Im weiteren Verlauf des Krieges wurde Julius Tschernitschek noch zum Waffenmeister 1. Klasse befördert und mit dem Karl-Truppen-Kreuz ausgezeichnet. Leider konnte über sein weiteres Leben nur bruchstückhaftes in Erfahrung gebracht werden. Nach dem Krieg versuchte er in seinem erlernten Beruf als Schlosser in und um Steyr Fuß zu fassen, war jedoch zwischen 1919 und 1935 mit kurzen Unterbrechungen siebenmal arbeitslos. Obwohl er ledig blieb musste er in höchster Not seine Tapferkeitsmedaillen zum Materialwert versetzen. Erst auf Intervention des Rings der Goldenen Tapferkeitsmedaille, konnte er ab dem Jahre 1935 bei den Steyrwerken als Schlosser eine fixe Anstellung bekommen.

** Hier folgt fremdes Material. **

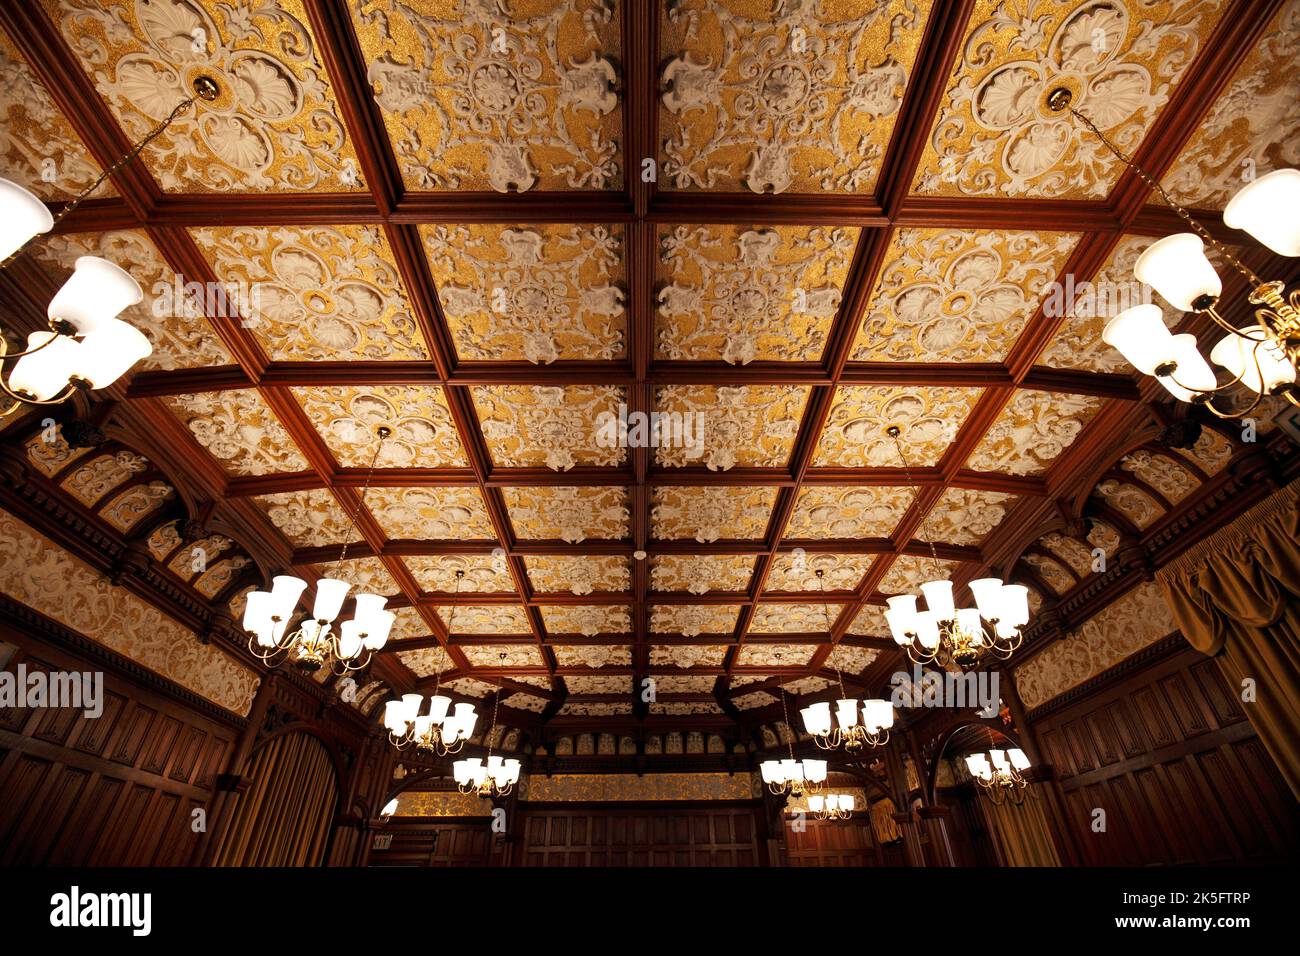 Plafond en plâtre décoratif très orné dans la salle de bal de Bletchley Park. Il abrite MI6 et les codébreakers de la Seconde Guerre mondiale. Banque D'Images
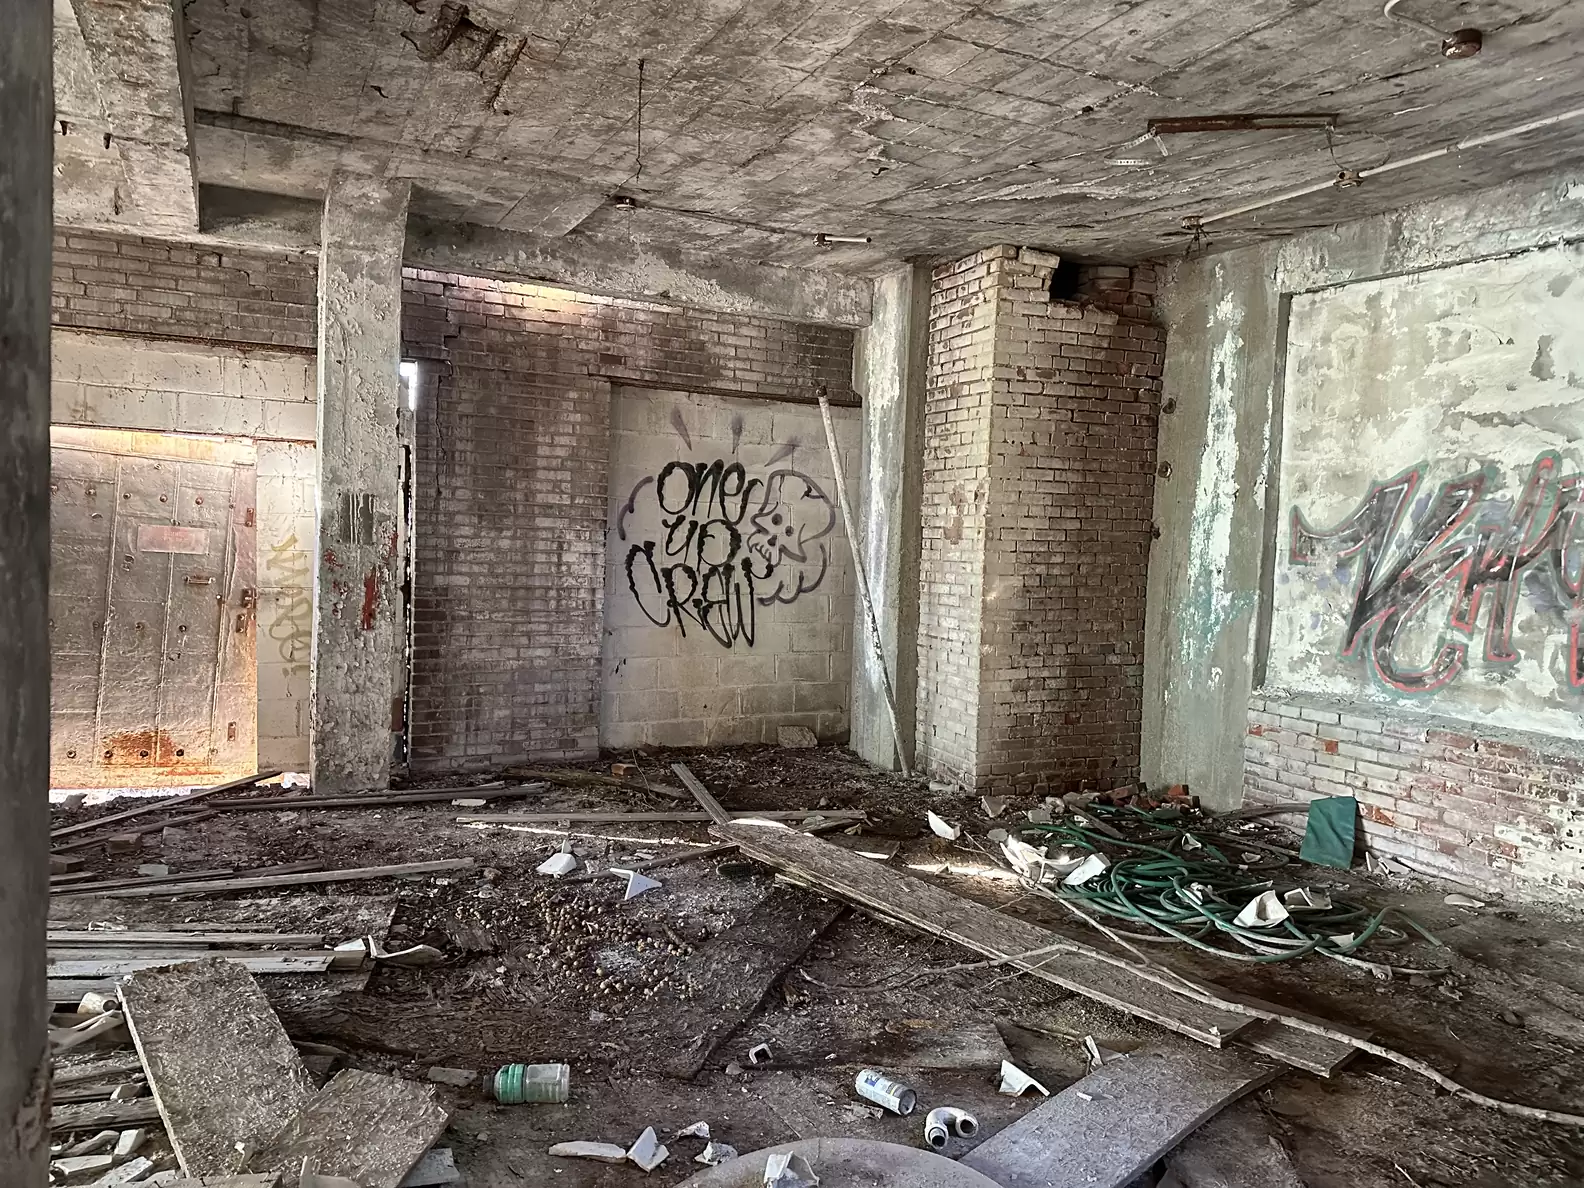 O local abandonado estava repleto de lixo e sinais de vandalismo. Foto: Reprodução/Stray Rescue of St. Louis

Nach der Besetzung Österreichs durch die Deutschen Truppen wurde Julius Tschernitschek, wie die meisten anderen Träger der höchsten Tapferkeitsauszeichnung für Mannschaftspersonen, nach dem sogenannten Tanneberg-Erlass, ehrenhalber zum Leutnant a.D. in der Landwehr der Deutschen Wehrmacht ernannt. In seinem Falle geschah dies bereits mit 12. Oktober 1939. Laut den Aufzeichnungen der Friedhofsverwaltung in Steyr ist Julius Tschernitschek am 30. November 1939 verstorben, seine Urne wurde allerdings erst am 7. März 1941 beigesetzt. Eine Erklärung für diesen langen Zeitraum zwischen den beiden Daten gibt es nicht. Eine mögliche Erklärung wäre natürlich, dass Julius Tschernitschek, immerhin erst 48 Jahre alt, zur Kriegsdienstleistung einberufen worden ist und zum Beispiel im Polenfeldzug gefallen und vor Ort gleich begraben worden ist. Eine entsprechende Exhumierung, Überführung, Einäscherung und neuerliche Bestattung könnte schon über ein Jahr in Anspruch genommen haben. Doch das ist reine Spekulation.